On 27 October 1169, a huge fleet of 230 Byzantine warships sailed towards the Egyptian coast, making landfall at the city of Damietta at the head of the Nile. The ships were carrying an invasion force, including heavy cavalry on 60 specially built transports.
At the same time, a large Crusader army led by the King of Jerusalem, Amalric I, marched down the coast of Sinai towards the city. The allies intended to conquer Fatimid Egypt, dividing it between them with Byzantine emperor Manuel I Komnenos taking the coastal area and Amalric's Crusaders taking the interior.
So far, everything is OTL.
Egypt was seen as the fulcrum on which the fortunes of the entire cosmic battle between Christianity and Islam would revolve. If Egypt joined forces with Nur ad Din in Syria, the Crusaders would have a serious problem. Meanwhile, the Byzantines saw the Crusader presence as a useful bulwark in the struggle against the Turks.

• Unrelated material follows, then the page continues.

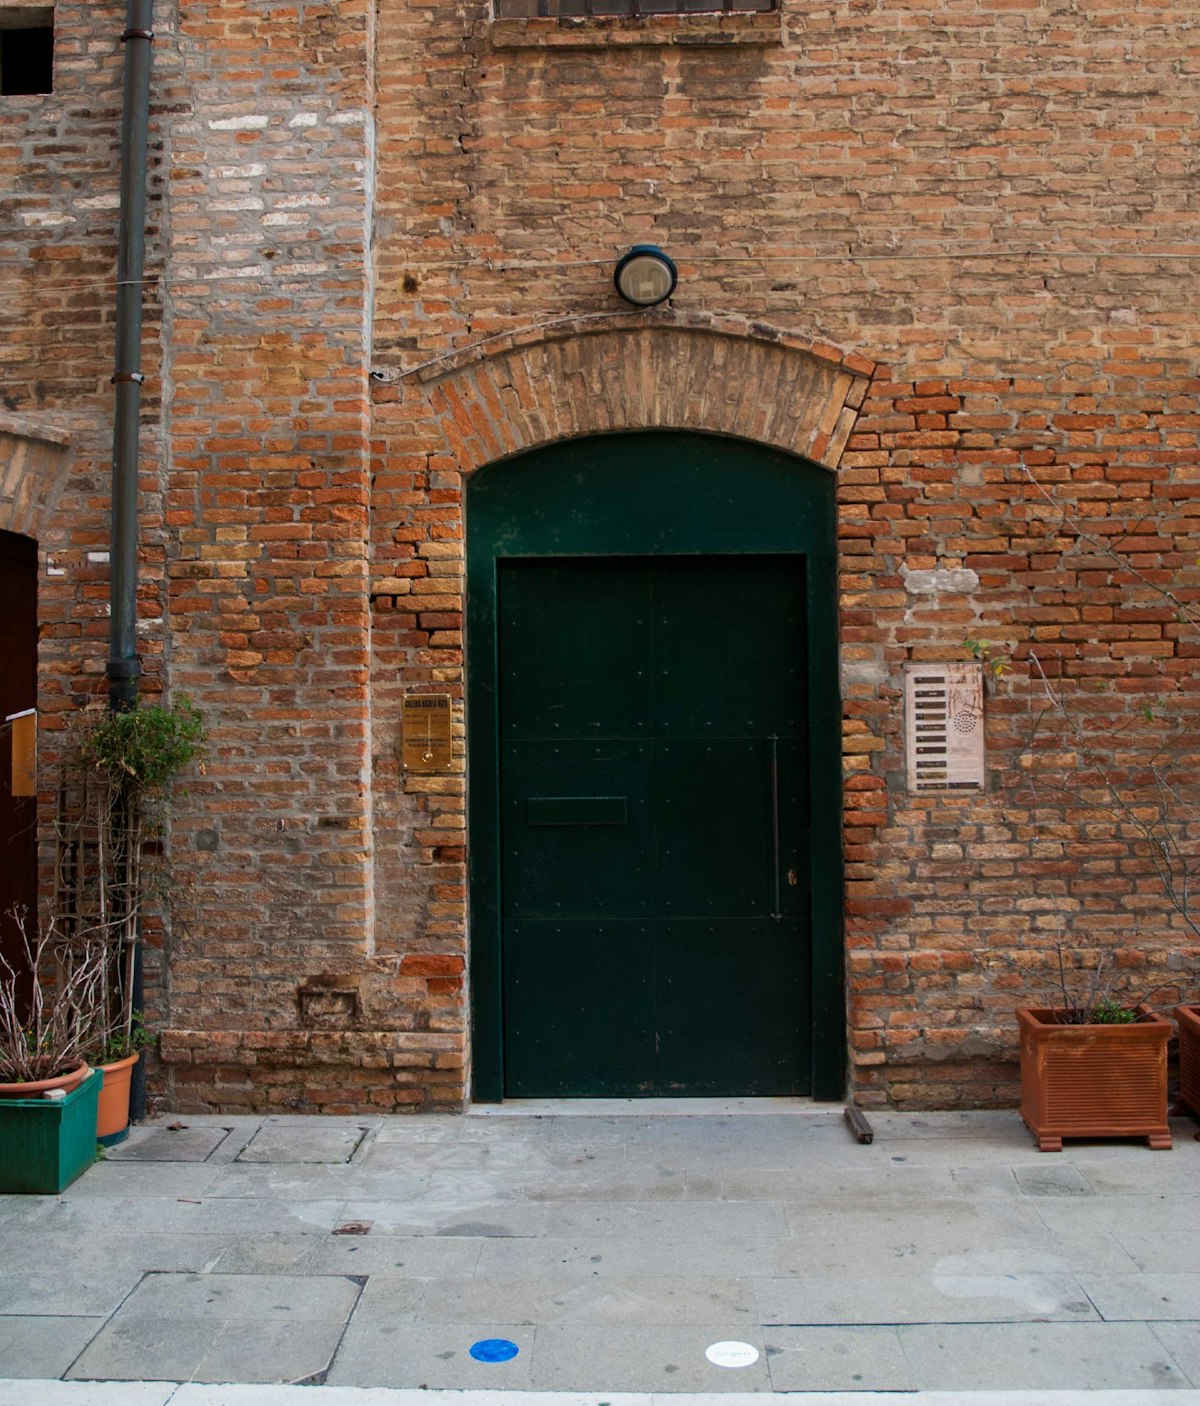 The unassuming entrance to Galleria Michela Rizzo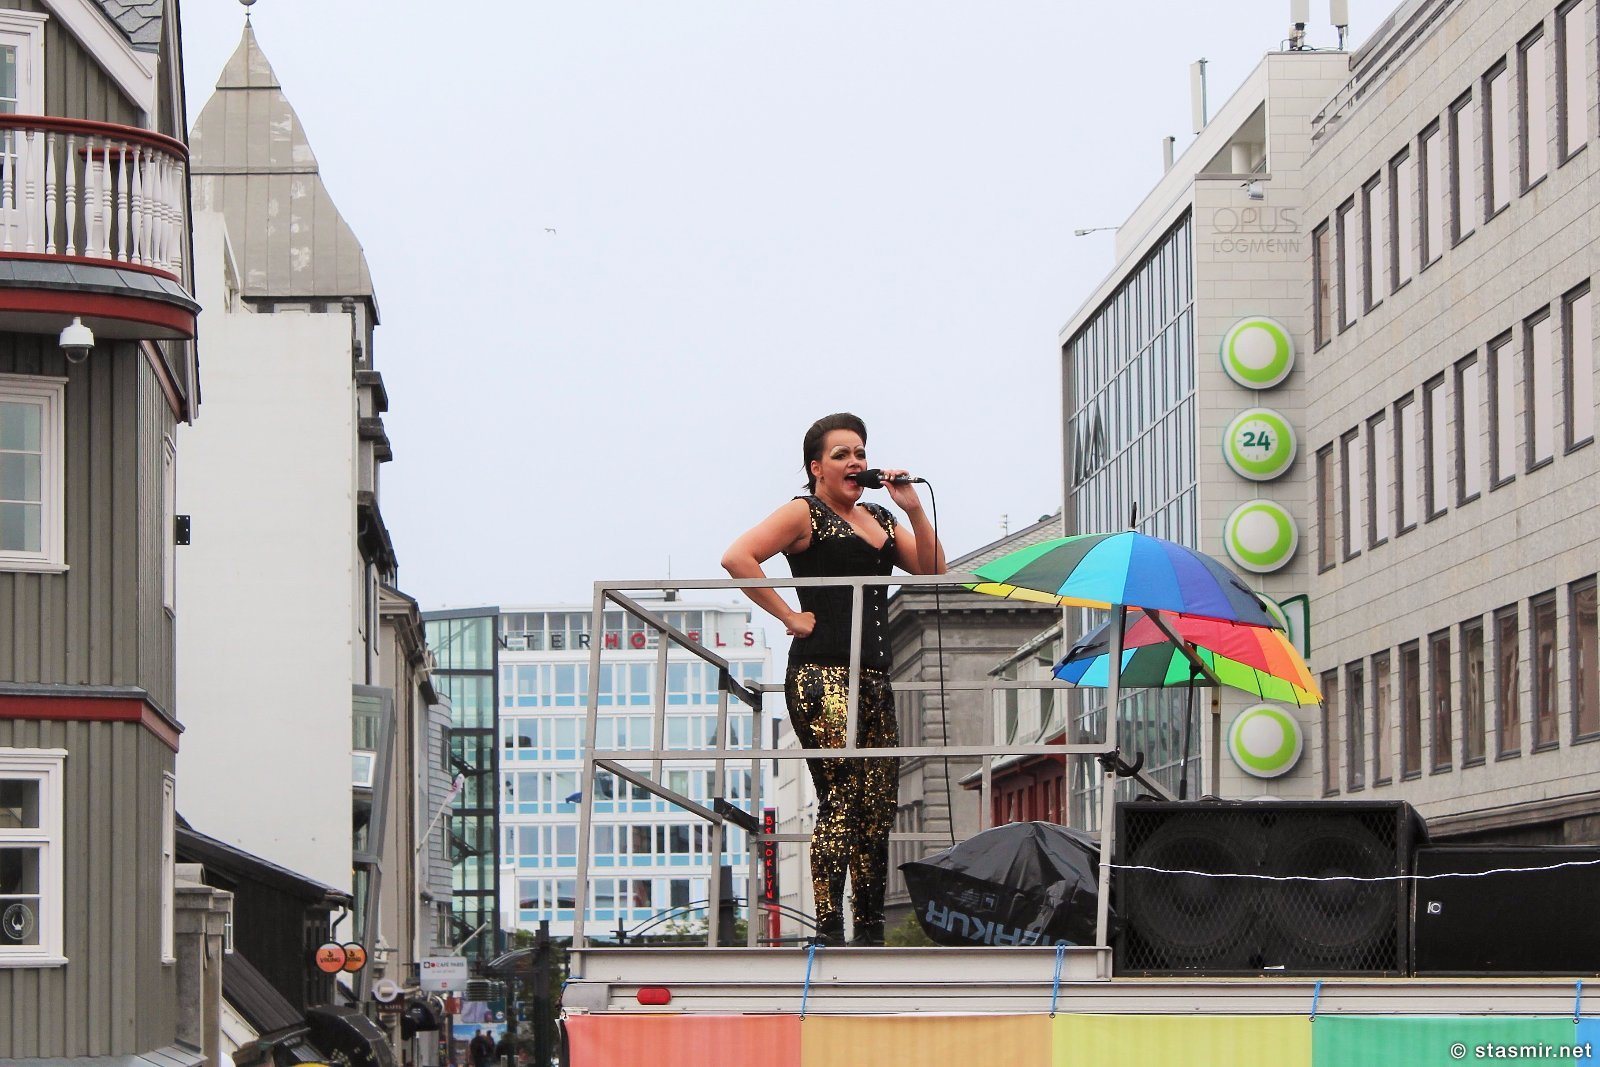 Гей-прайд 2015, Рейкьявик, селебрити в Исландии, главная улица Рейкьявика, праздники в Исландии, гей-прайд в Исландии, gay pride 2015, Reykjavik, равноправие полов, туры в Исландию, портрет исландца, Photo Stasmir

What happened next is the subject of some dispute. What we know is that the joint expedition failed, with the consequence that Saladin took power in Egypt in 1171. By 1187, Jerusalem was back in Muslim hands, the Crusader power had been fatally broken, and the Byzantine Empire slipped into terminal decline.
But what if the invasion of October 1169 had succeeded?
1). Could the Crusaders have survived longer than OTL?
2). Would the Byzantines have benefitted?
3). How would the Muslim world react to the loss of Egypt?
4). Could the allies have held the territory?